→ **YOUR INSTRUCTIONS**: Would you reproduce the whole listing exactly, minus its images?

→ **SUPPLIED MATERIAL**:
::::

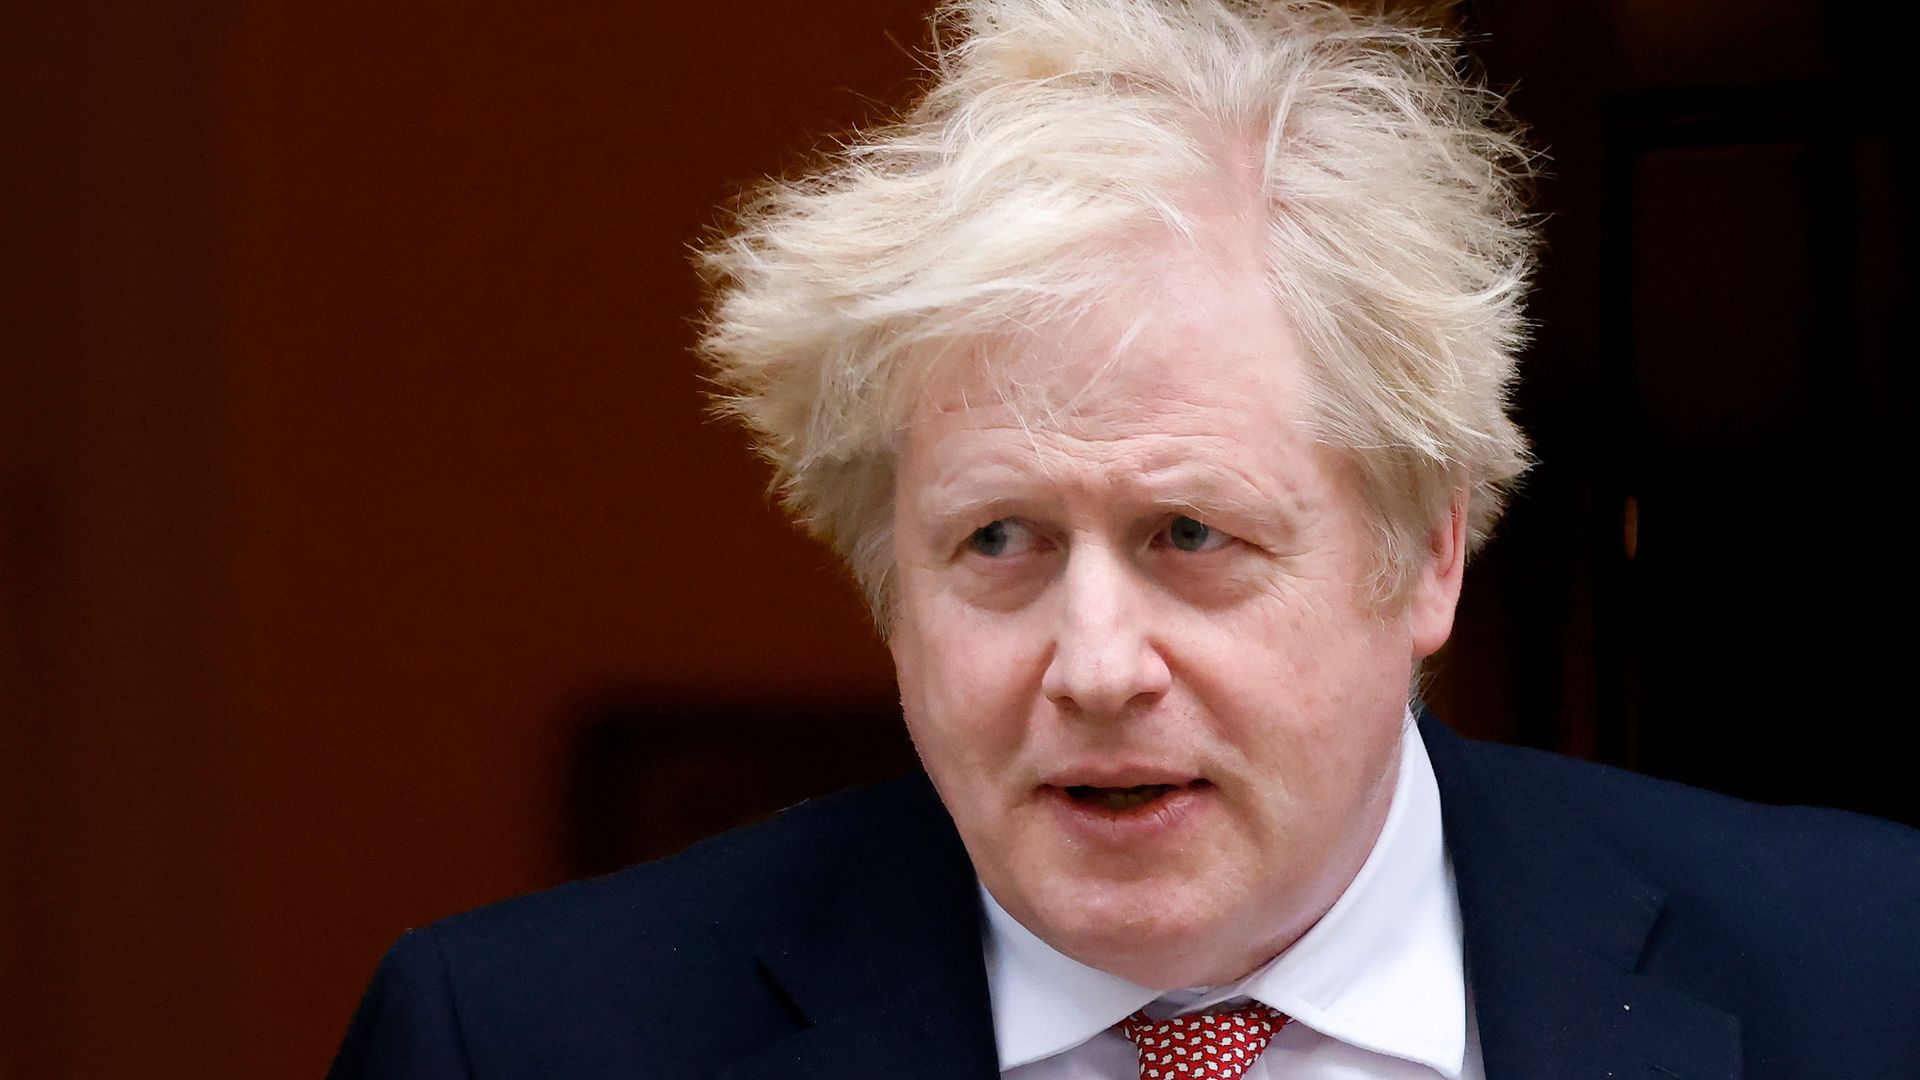 Photo of Boris Johnson's face and fluffy hair
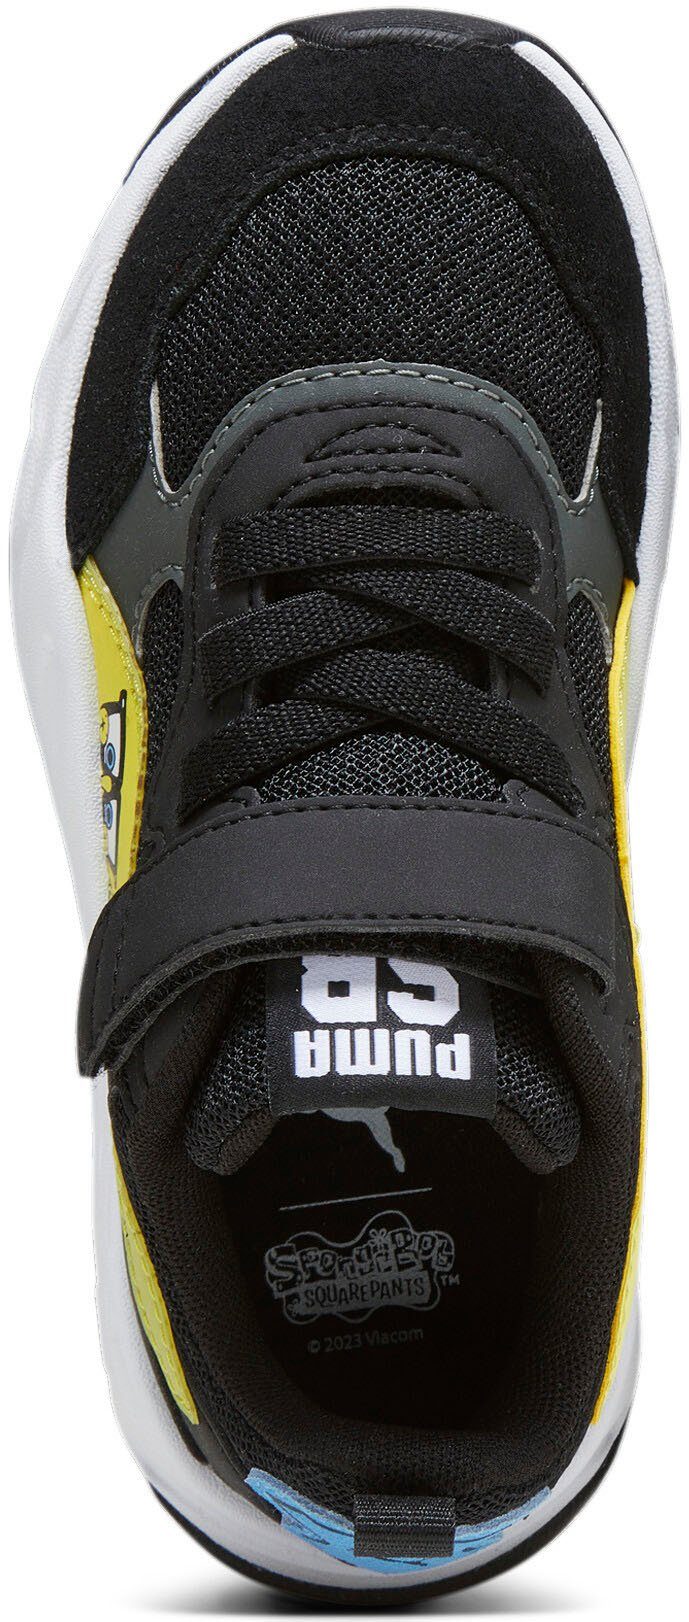 PUMA TRINITY SPONGEBOB Sneaker AC+ PS
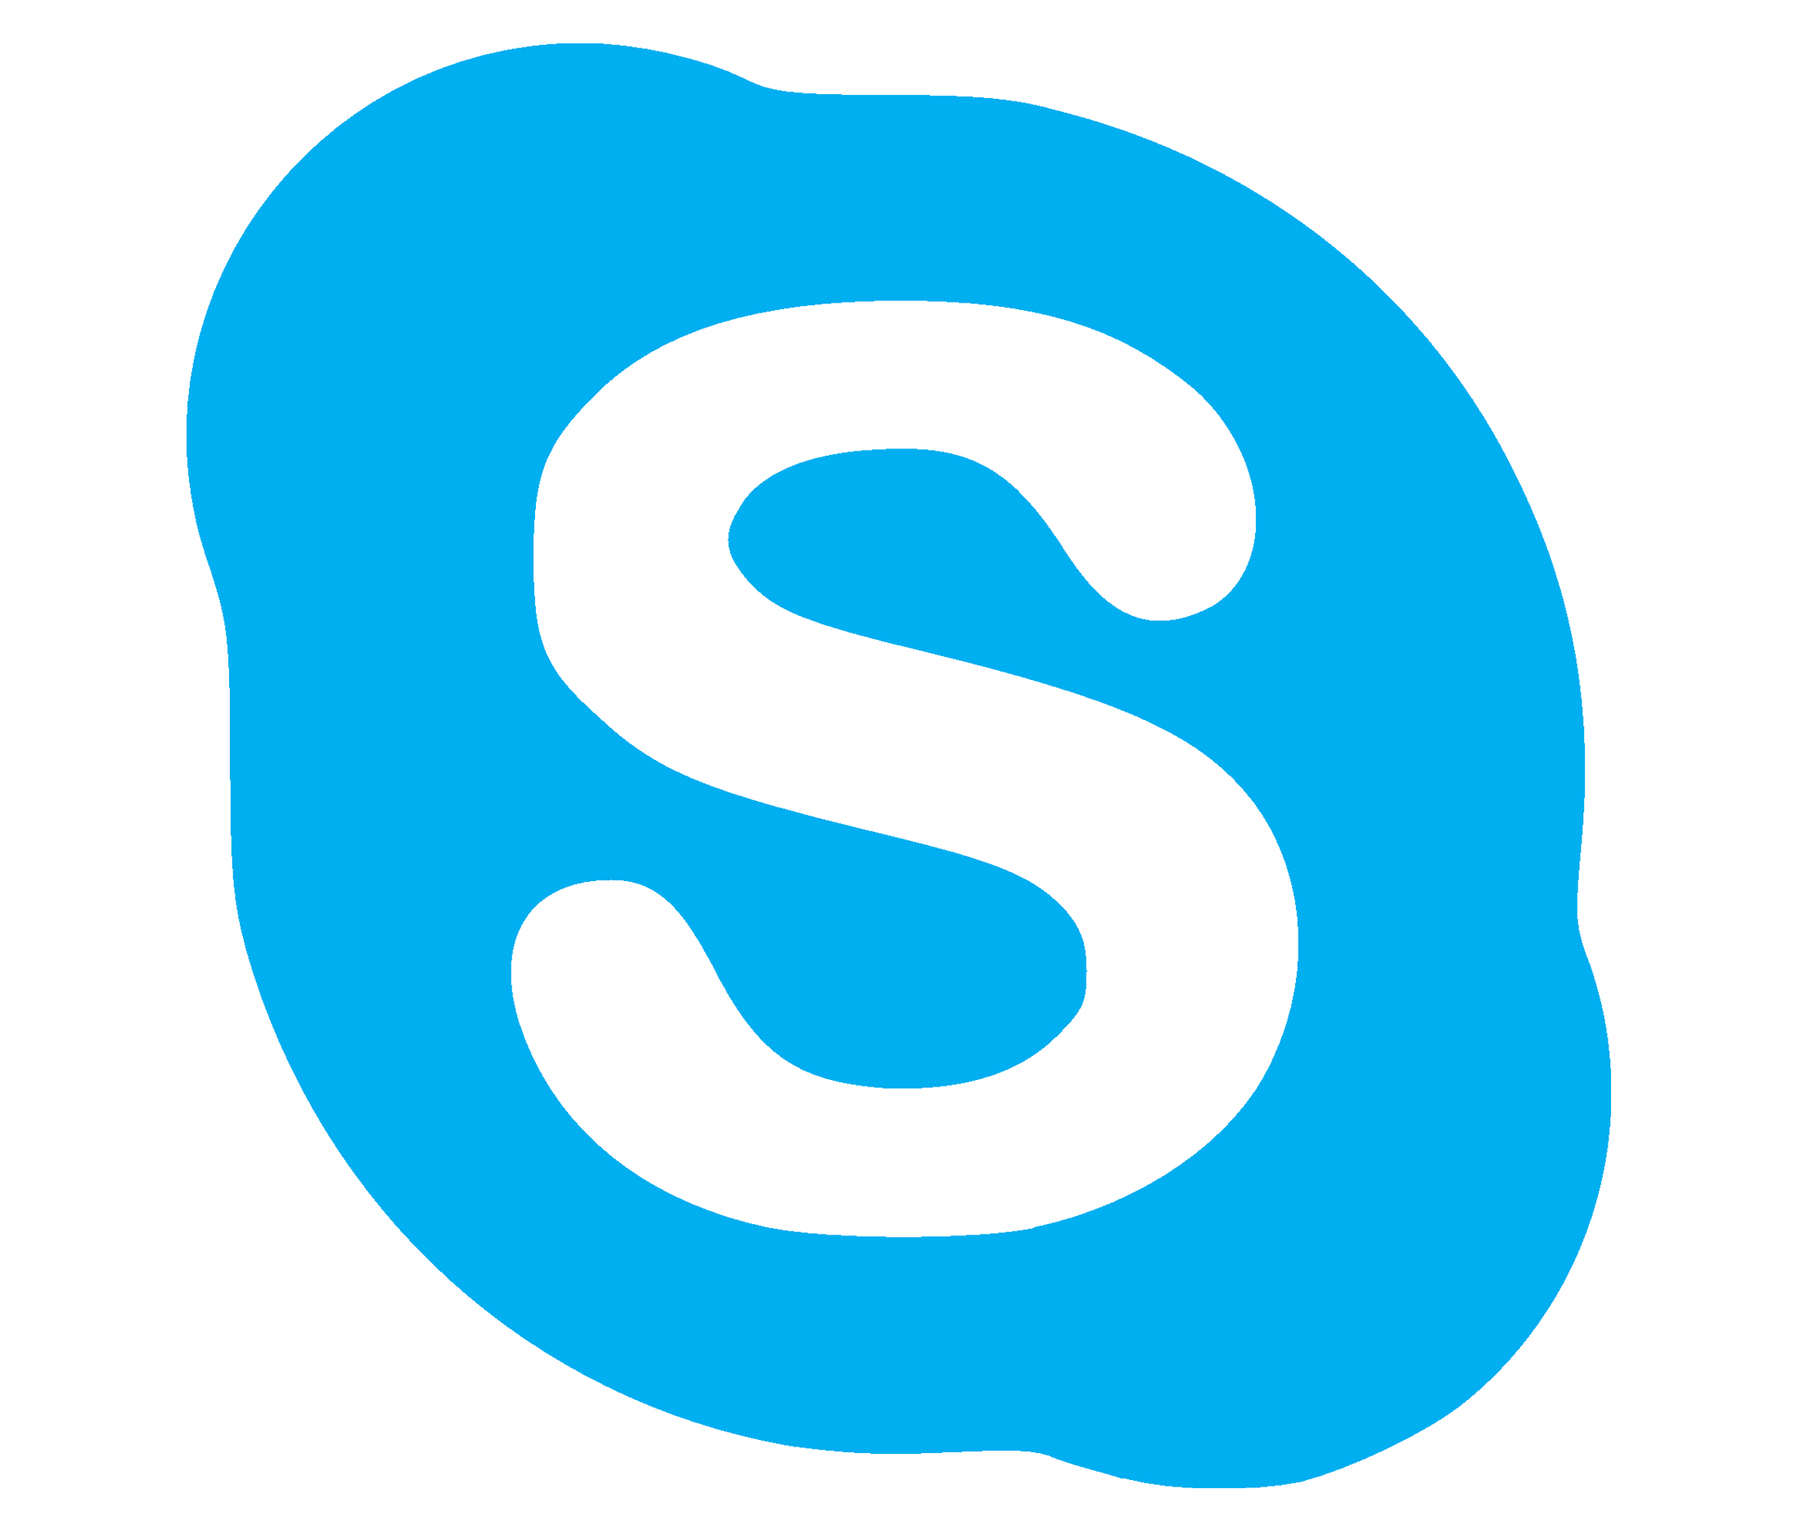 Sister skype
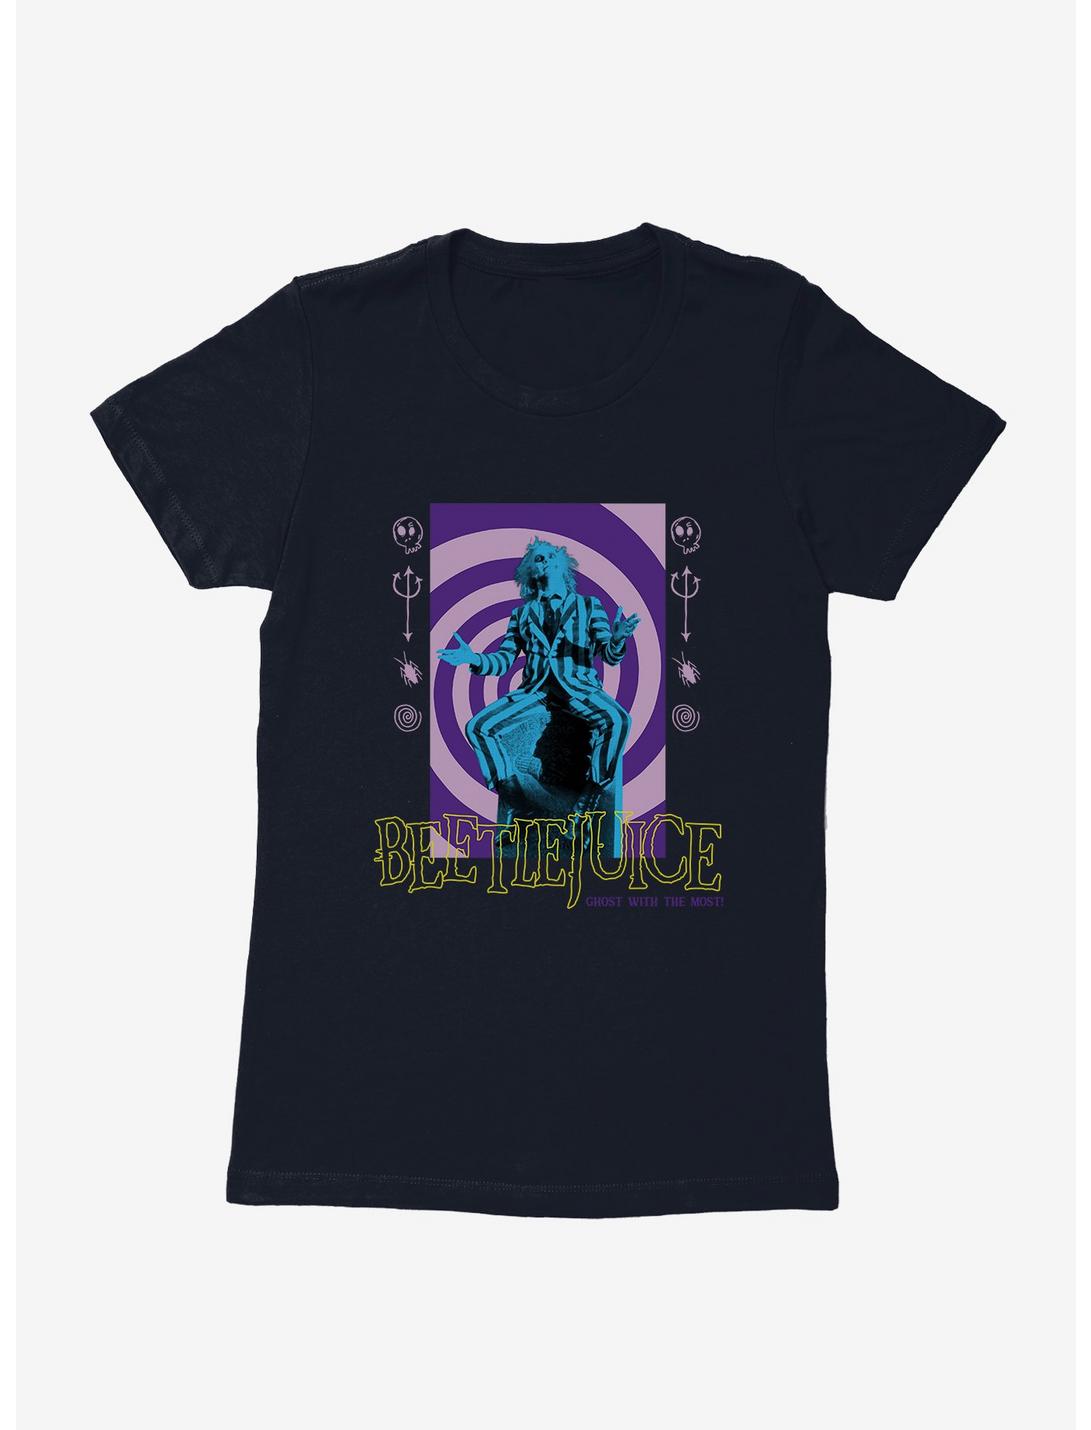 Beetlejuice Swirl Womens T-Shirt, MIDNIGHT NAVY, hi-res

::::

→ **SOLUTION FOR THIS PROBLEM**:
 Photo of Boris Johnson's face and fluffy hair
 PUMA TRINITY SPONGEBOB Sneaker AC+ PS
 Sister skype
 Beetlejuice Swirl Womens T-Shirt, MIDNIGHT NAVY, hi-res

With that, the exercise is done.